The blurb from publishers Lawrence Hill Books describes the volume as "essential reading for anyone who wants to know what Miles Davis thought about his music, life, and philosophy. Miles on Miles reveals the jazz icon as a complex and contradictory man, secretive at times but extraordinarily revealing at others. Miles was not only a musical genius, but an enigma, and nowhere else was he so compelling, exasperating, and entertaining as in his interviews, which vary from polite to outrageous, from straight-ahead to contrarian. Even his autobiography lacks the immediacy of the dialogues collected here. Many were conducted by leading journalists like Leonard Feather, Stephen Davis, Ben Sidran, Mike Zwerin, and Nat Hentoff.

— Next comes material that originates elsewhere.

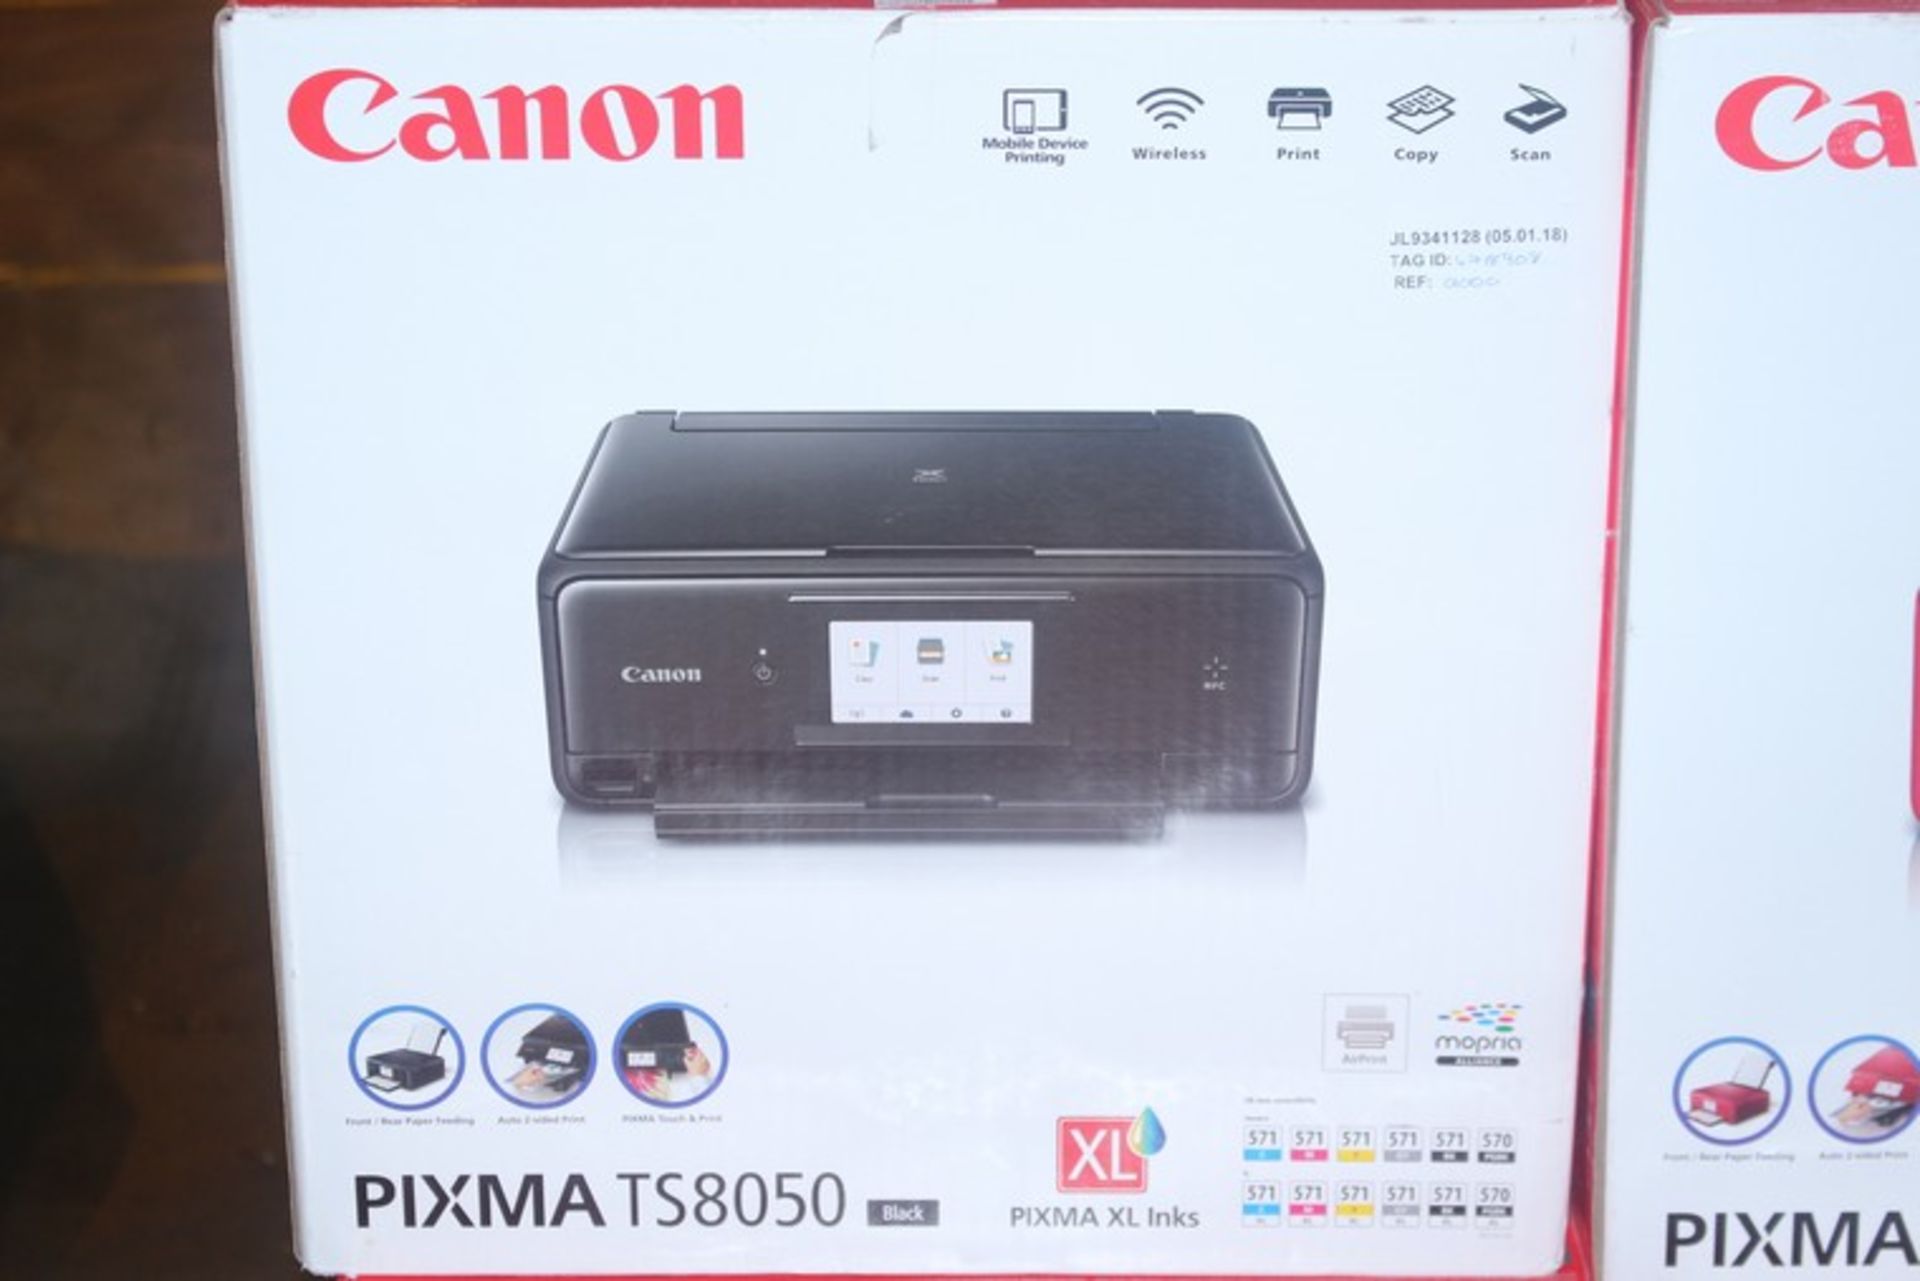 1 x CANON PIXMA TS8050 WIRELESS PRINTER SCANNER COPIER RRP £100 (05.01.18) (4718946) *PLEASE NOTE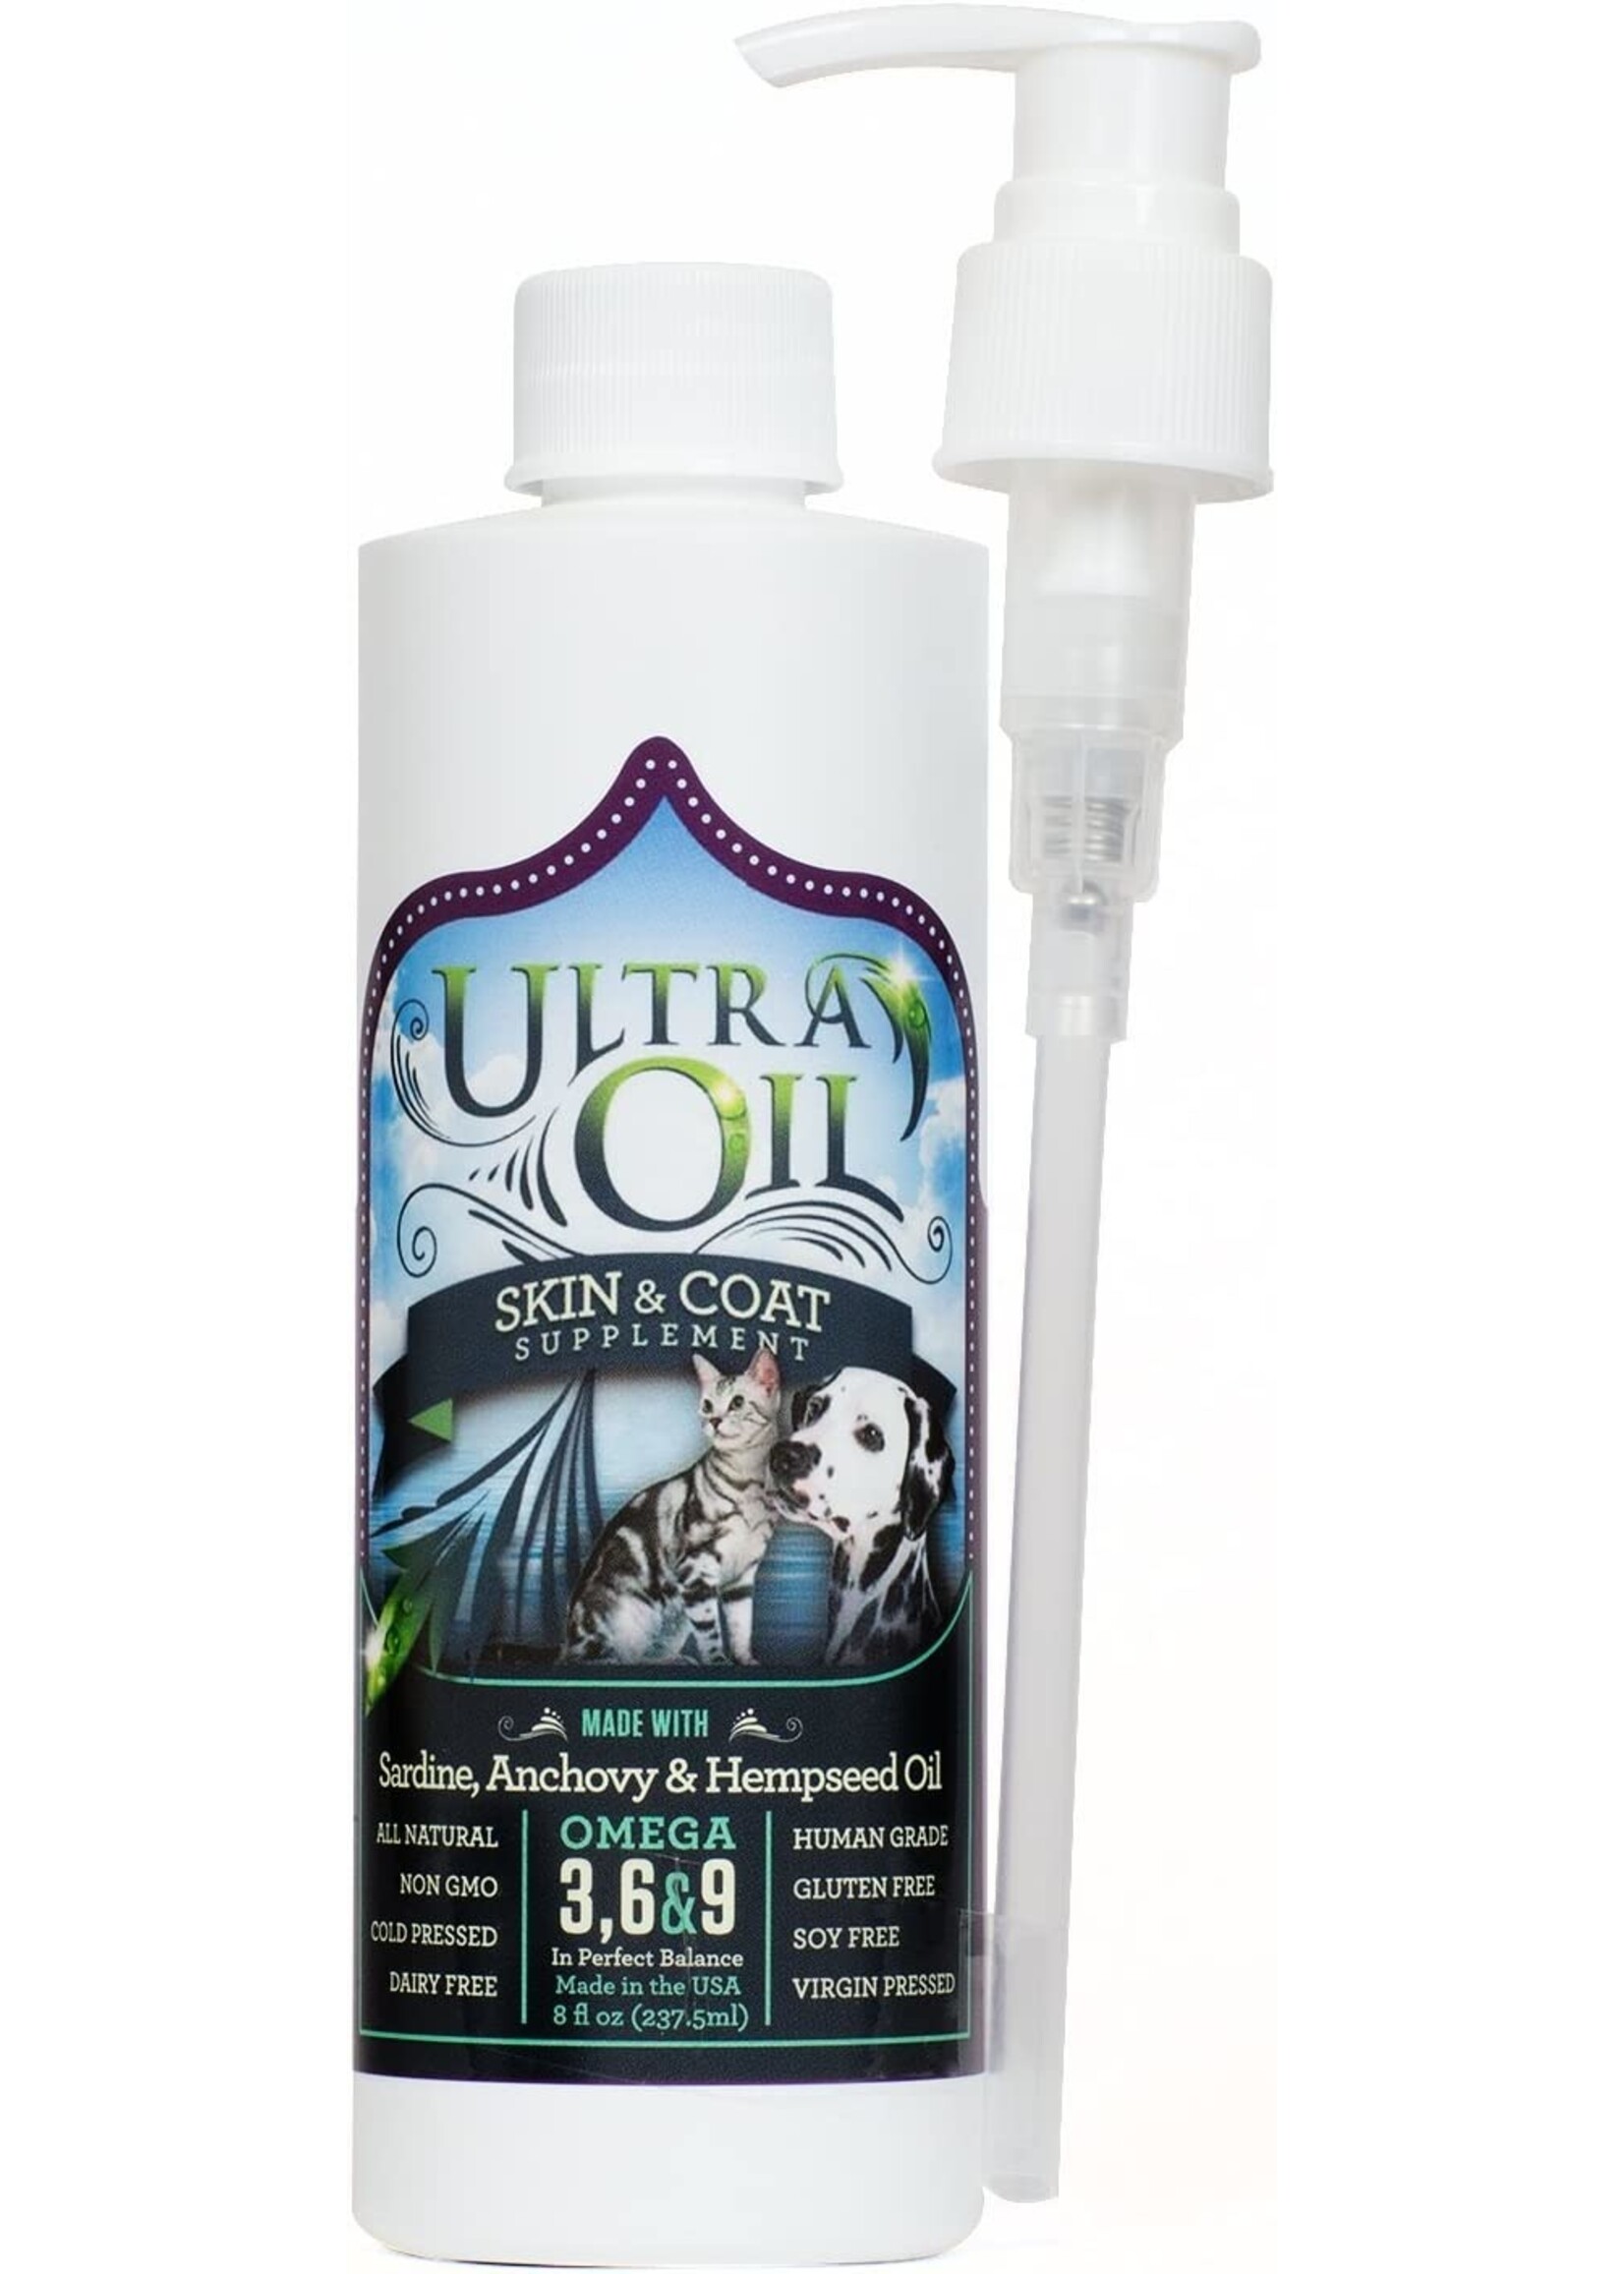 Ultra Oil Ultra Oil Skin & Coat Supplement

Others have never before seen print, are newly transcribed from radio and television shows, or appeared in long-forgotten magazines."
Edited by Paul Maher Jr. and Michael K. Dorr, the hardcover tome has 320 pages and a list price of $24.95. Lawrence Hill Books is a division of Chicago Review Press that "specializes in mostly nonfiction on topics of African American and Latino interest, progressive politics, civil and human rights, and feminism." (For what it's worth, they've also published a book on Davis' longtime arranger and collaborator Gil Evans that looks interesting...)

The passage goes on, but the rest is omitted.